A.F.M. F. ISLAM1,
P.J. GROVES2,
G.J. UNDERWOOD3,
S.W. WALKDEN-BROWN1
1 School of Rural Science and Agriculture, University of New England, Armidale NSW - Australia;
2 Zootechny Pty Ltd, Bringelly NSW - Australia
3 Bioproperties Pty Limited, Ringwood, VIC - Australia
In an attempt to measure the excretion dynamics of HVT and MDV via feather dander, broiler chickens were vaccinated with HVT or sham-vaccinated at day old and than challenged with MDV at days 2, 4 and 7 post-vaccination. The effect of the interval between vaccination and challenge on the protection of vaccine was determined.
MDV and HVT were quantified in the dust samples collected at various days post-placement. There was an effect of the interval between vaccination and challenge on protection, higher the interval, lower the protection. Shedding of HVT was recorded from day 9 to 58 post-vaccination with a peak at around day 20. MDV was recorded in the dust from day 7 to 56 post-challenge with a peak at around 30-35 days post-infection. MDV shedding was significantly reduced by HVT vaccination, higher the protection less the shedding. Identification of HVT and MDV in the same dust sample can be a useful tool for monitoring vaccinal presence and MDV status of a chicken flock by analysing a single dust sample.
Introduction
Marek’s disease (MD) is a lymphoproliferative disease of chickens caused by a cell-associated herpesvirus called MD virus (MDV). Chickens are infected with MDV via the respiratory route. Following uptake in the lungs the virus infects lymphocytes where initial viral replication occurs. Virus is then transmitted to the feather follicle epithelium (FFE) where fully productive viral production occurs and large amounts of virus are excreted to the environment in feather dander (Calnek et al., 1979). MDV in host cells such as lymphocytes, is infective but infectivity is lost if the integrity of the host cell is lost. However virus excreted in dander remains infective in the environment for a long time and is the main means of MDV transmission (Gilka and Spencer, 1993). MDV shedding in feather dander is thought to commence two weeks after infection (Carrozza et al., 1973).
A naturally occurring turkey herpesvirus (HVT) is antigenically related to MDV, does not produce disease in turkeys or chickens, but maintains horizontal transmission within turkey populations. HVT used as a vaccine against MD and is not thought to transmit horizontally between chickens unless they are infected at around 8 weeks of age, in which case limited horizontal transmission has been reported (Cho, 1976; Cho and Kenzy, 1975). HVT replication in the FFE has been reported for a short period during weeks 2 and 3 post-infection (Zygraich and Huygelen, 1972). With the advent of fully quantitative methods for measuring MDV in poultry dust samples (Walkden-Brown et al., 2004) it is of interest to determine whether this replication in the FFE is manifest as HVT in dander.
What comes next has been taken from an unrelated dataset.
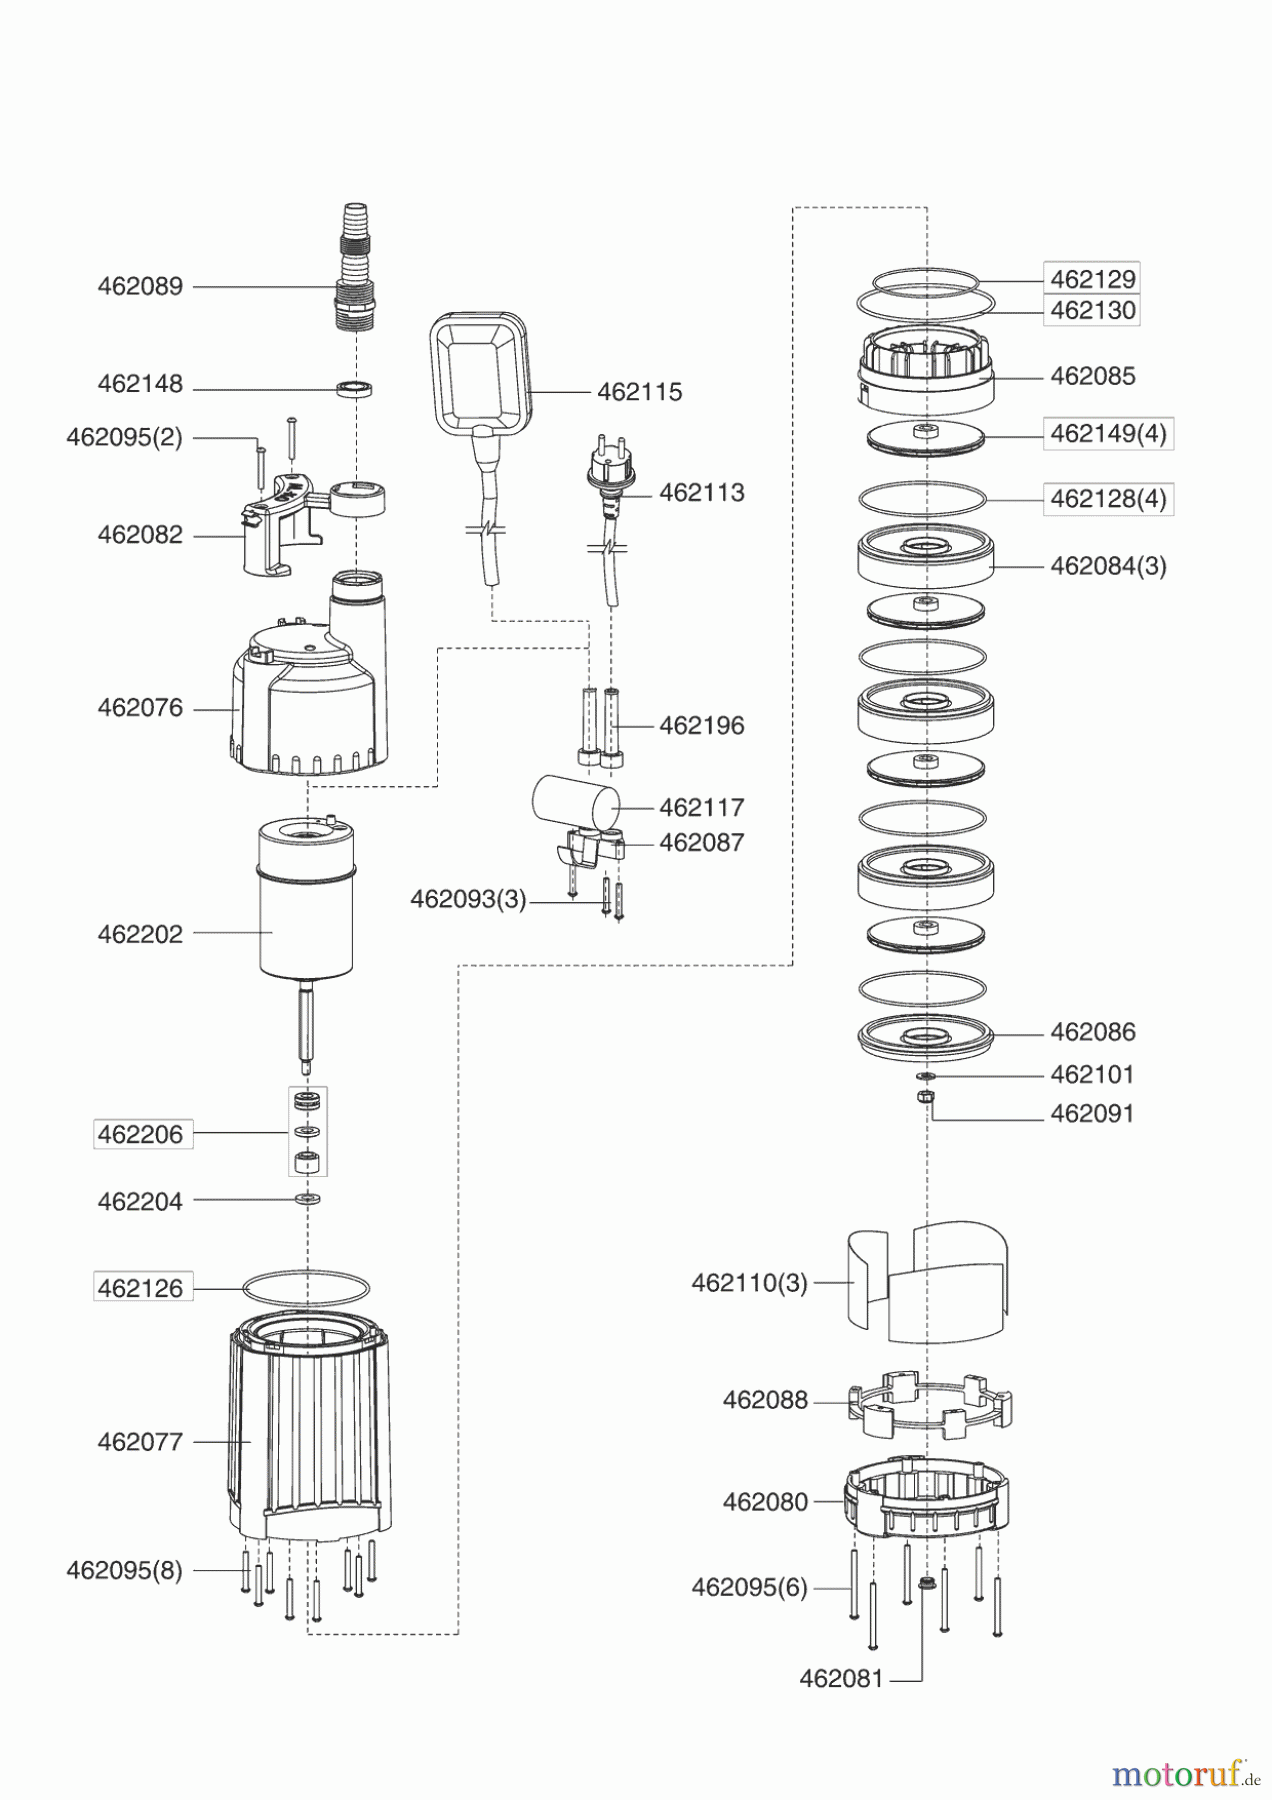  AL-KO Wassertechnik Tauchdruckpumpen TDS 1201-4 Seite 1

As for other live vaccines, the interval between vaccination and challenge is an important determinant of vaccine efficacy. If so, varying the interval between HVT-vaccination and MDV-challenge may produce variable protection. MDV shedding rate may also vary with the protection status of chickens. In this paper we report the excretion dynamics of MDV and HVT in feather dander in broiler chickens in an experiment in which the intervals between HVT-vaccination and MDV-challenge varied, giving rise to chicken populations of different protection status against MD.
Materials and methods
One hundred and fifty HVT-vaccinated (8,000 pfu s/c at hatch) female Cobb broiler chickens were placed in 6 positive pressure isolators, 25 chickens in each isolator. Fifty more sham-vaccinated chickens were placed into two other isolators. Chickens of two sham- and two HVT-vaccinated isolators were challenged with 100pfu of MDV (strain MPF57) at 2 day post-vaccination (dpv) intra-peritoneally. HVT-vaccinated chickens in two isolators were challenged with MDV at 4 dpv and those in the remaining isolators were challenged at 7 day post-vaccination.
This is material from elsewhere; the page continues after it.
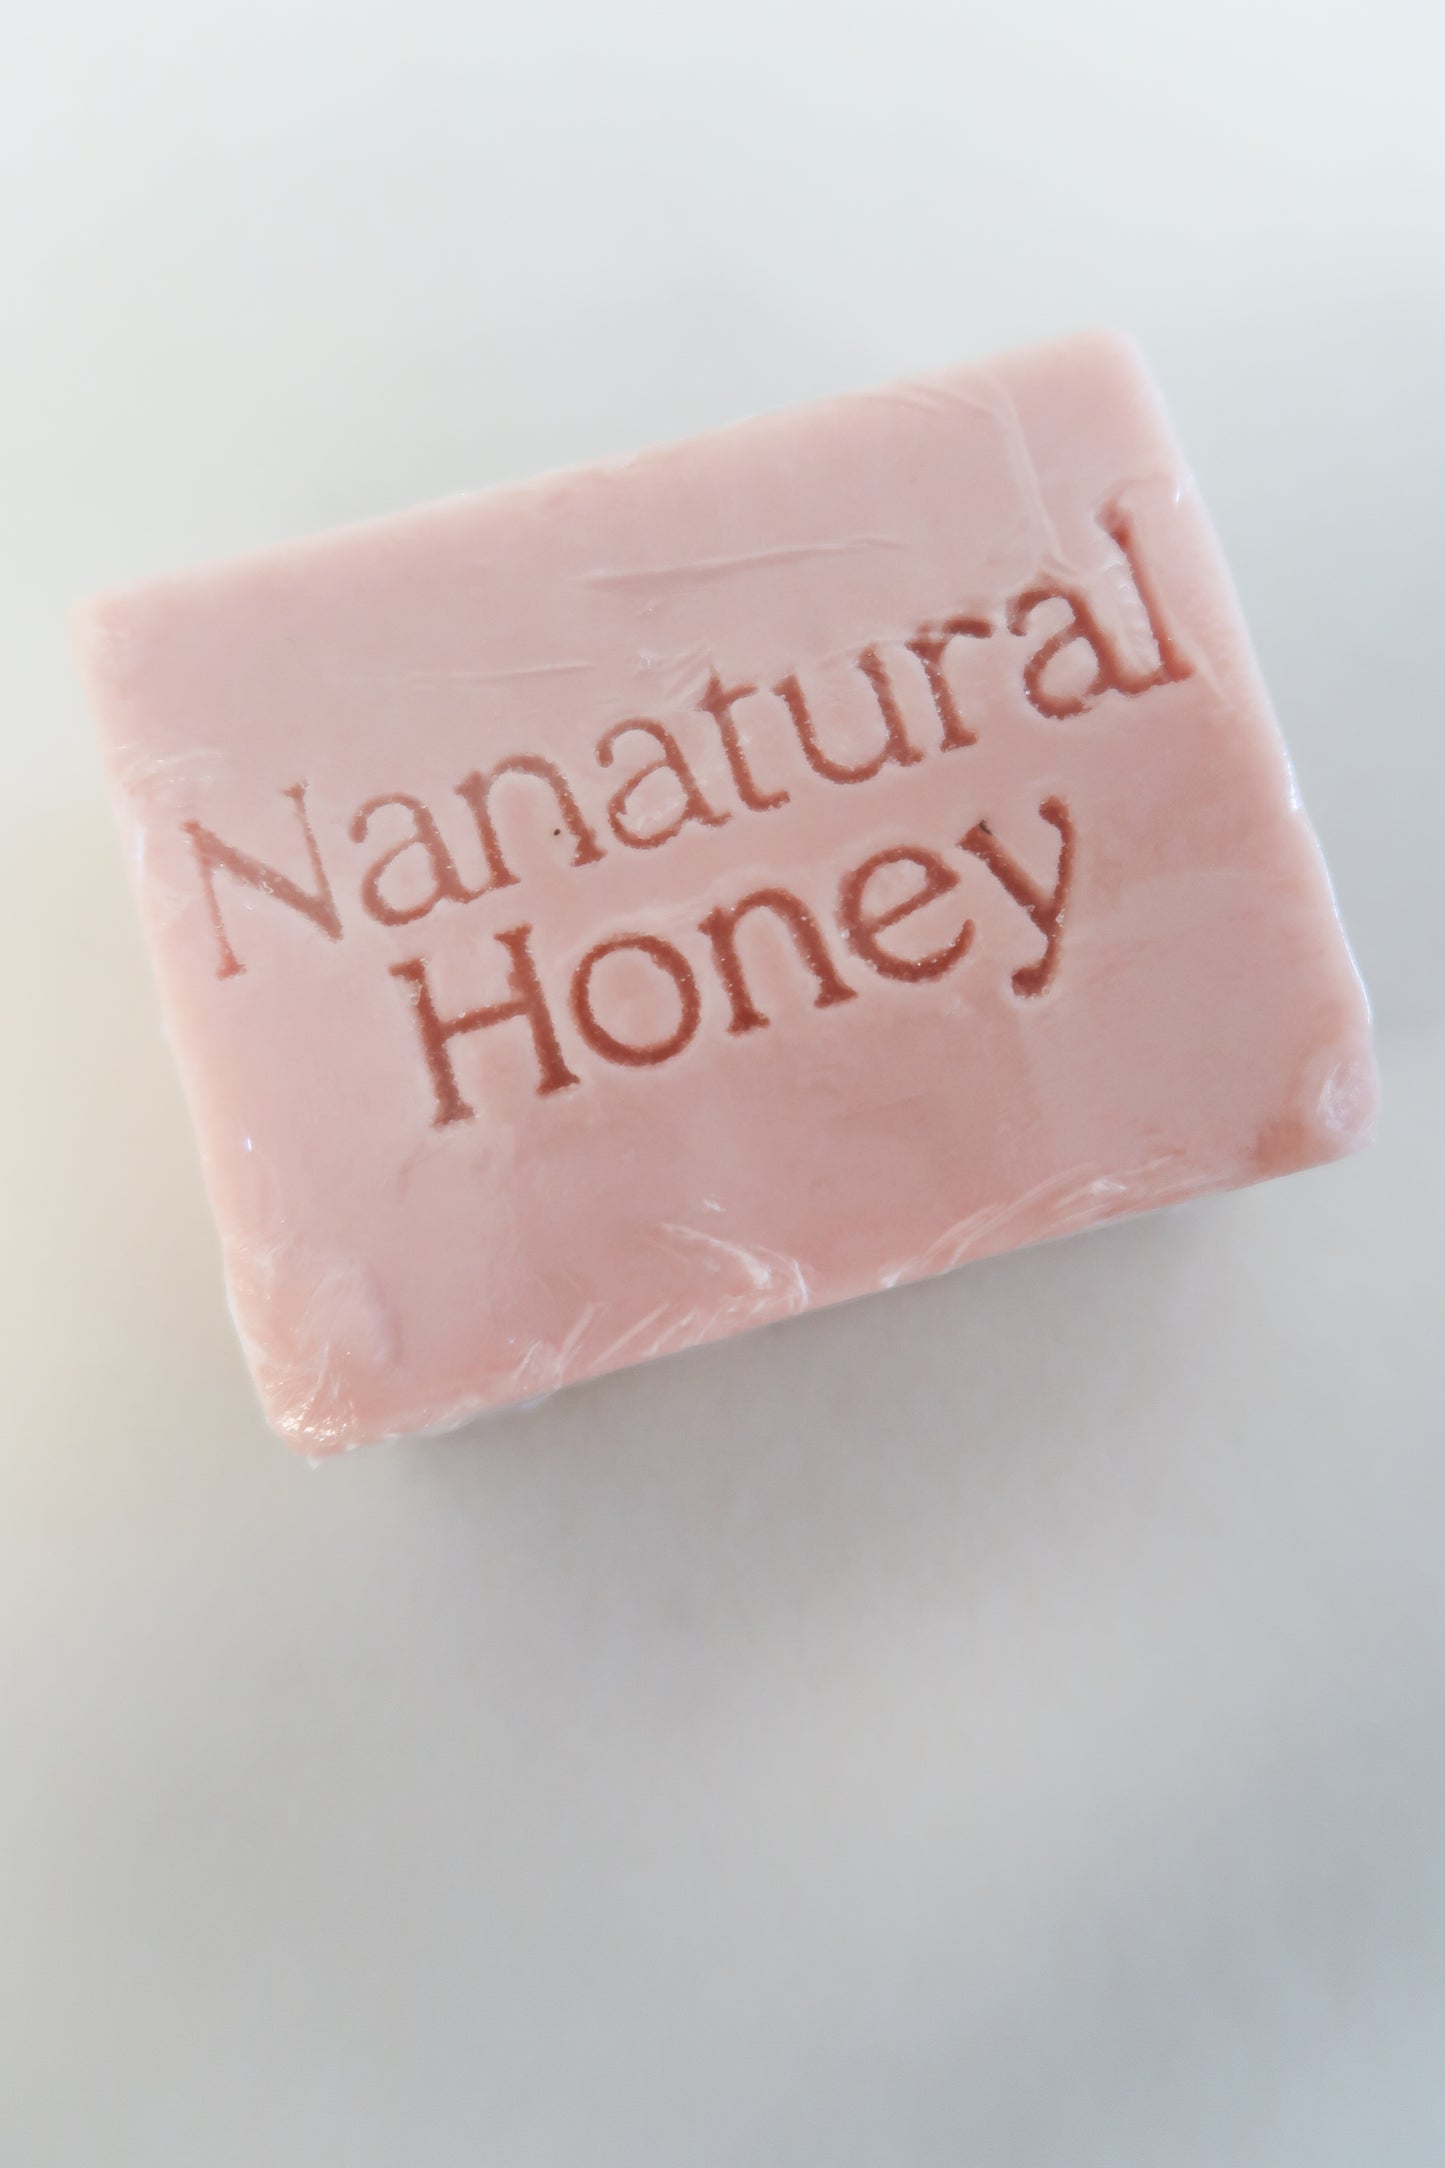 Nanatural Honey Soap

Dust samples were collected from each isolator between days 9 and 58 after placement. Chickens dying during the experiment were examined post-mortem for gross MD lesions. At day 56 post-challenge, all survivors were euthanased and examined post-mortem for MD lesions. The protective index of each challenge group was calculated as previously described (Islam et al., 2001).
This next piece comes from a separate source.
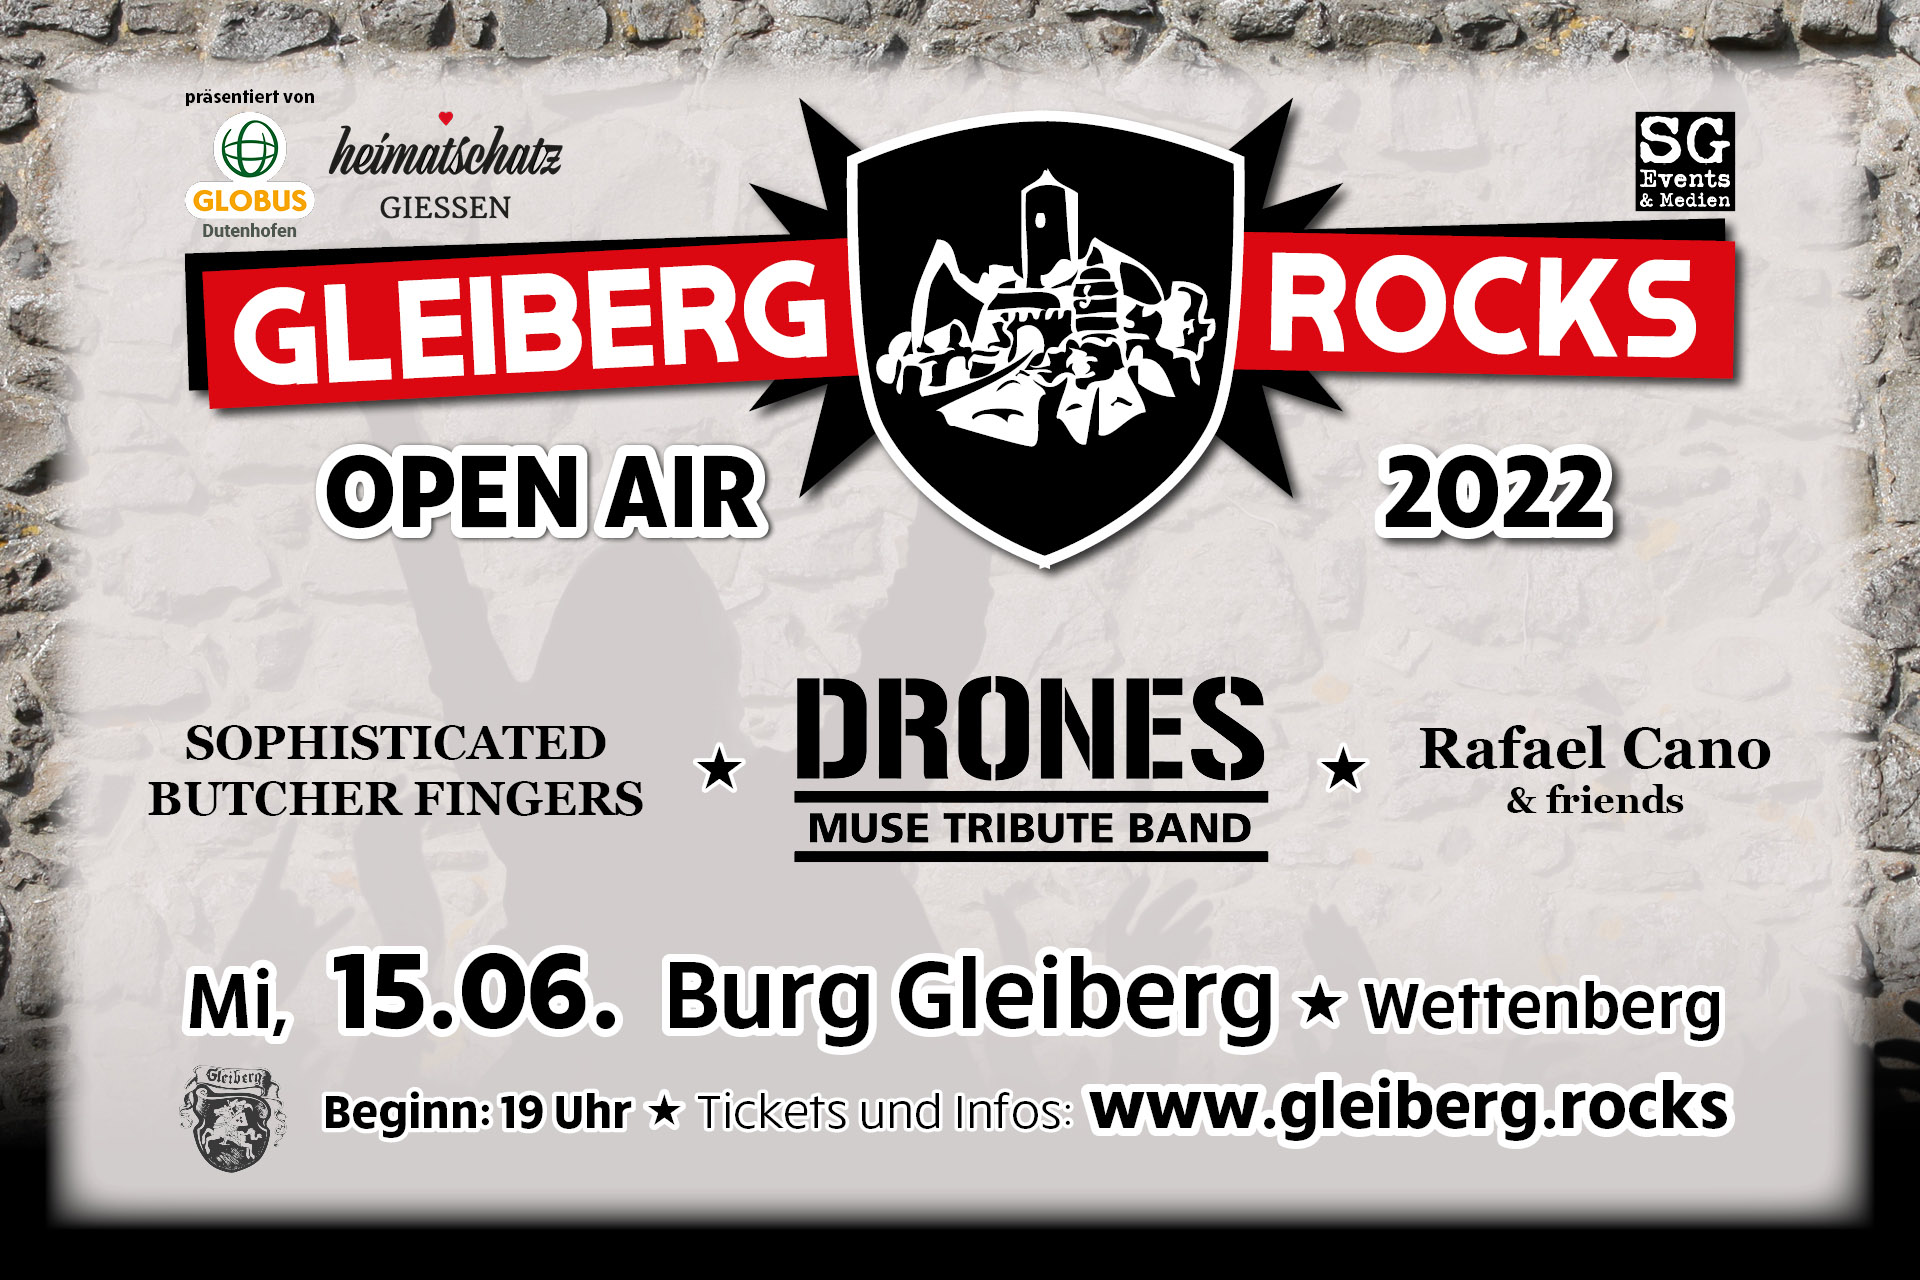 Gleiberg rocks 2022

DNA was extracted from 5mg of dust using DNeasy kits (Qiagen Pty Ltd, VIC Australia) and quantified by spectrophotometry (BioRad SmartSpec, TM3000). MDV and HVT were quantified using a real-time PCR described previously (Islam et al., 2004). MDV quantity was expressed as viral copy number (VCN) per mg of dust while HVT quantity was expressed as calculated concentration of HVT in arbitrary units, in the absence of absolute quantification for this assay.
Results
There was an increase in protection with increasing interval between vaccination and MDV challenge. Protective index and percent MD to day 56 for the various vaccination-challenge treatments is presented in Table 1.
Excretion of HVT in dander started from 9 dpv, the first dust sample collection day. The rate of excretion increased sharply at around 20 dpv and than decreased slowly up to 58 day post-vaccination, the last dust sample collection day. No HVT was detected in the dust samples collected from unvaccinated chickens. The calculated concentration of HVT is presented in Figure 1.
Marek’s disease virus was first detected in the dust collected at day 7 post-challenge in both sham and HVT-vaccinated chickens. Viral copy number was significantly higher overall in sham-vaccinated than HVT-vaccinated chickens (P=0.005). In sham-vaccinated chickens MDV shedding increased rapidly from day 14 post-challenge, peaked at around days 35-40 and than declined to day 56 post-challenge. In HVT-vaccinated chickens MDV increased slowly from days 14 to 21 and then tended to plateau at a lower level than in sham-vaccinated chickens for the remainder of the experiment (Figure 2A).
The rate of MDV shedding was also influenced by the timing of challenge post-vaccination and thus the vaccinal protection status of the treatment (Figure 2B). Sham-vaccinated chickens shed MDV at the highest rate. An intermediate level of shedding was observed in the day 2 challenge group (PI 48) and low levels of shedding were observed in the day 4 and day 7 challenge groups (PI 69 and 78, respectively). These two groups shed significantly less MDV than unvaccinated chickens (P=0.01). The PI 48 group also shed less MDV than unvaccinated chickens between days 14 and 56 (P=0.02).
Discussion
This study has demonstrated for the fist time the shedding of HVT in dander by chickens following vaccination with HVT. The study also demonstrated that MDV shedding might start as early as from day 7 following infection with MDV, and that HVT-vaccination significantly reduces MDV shedding into the environment.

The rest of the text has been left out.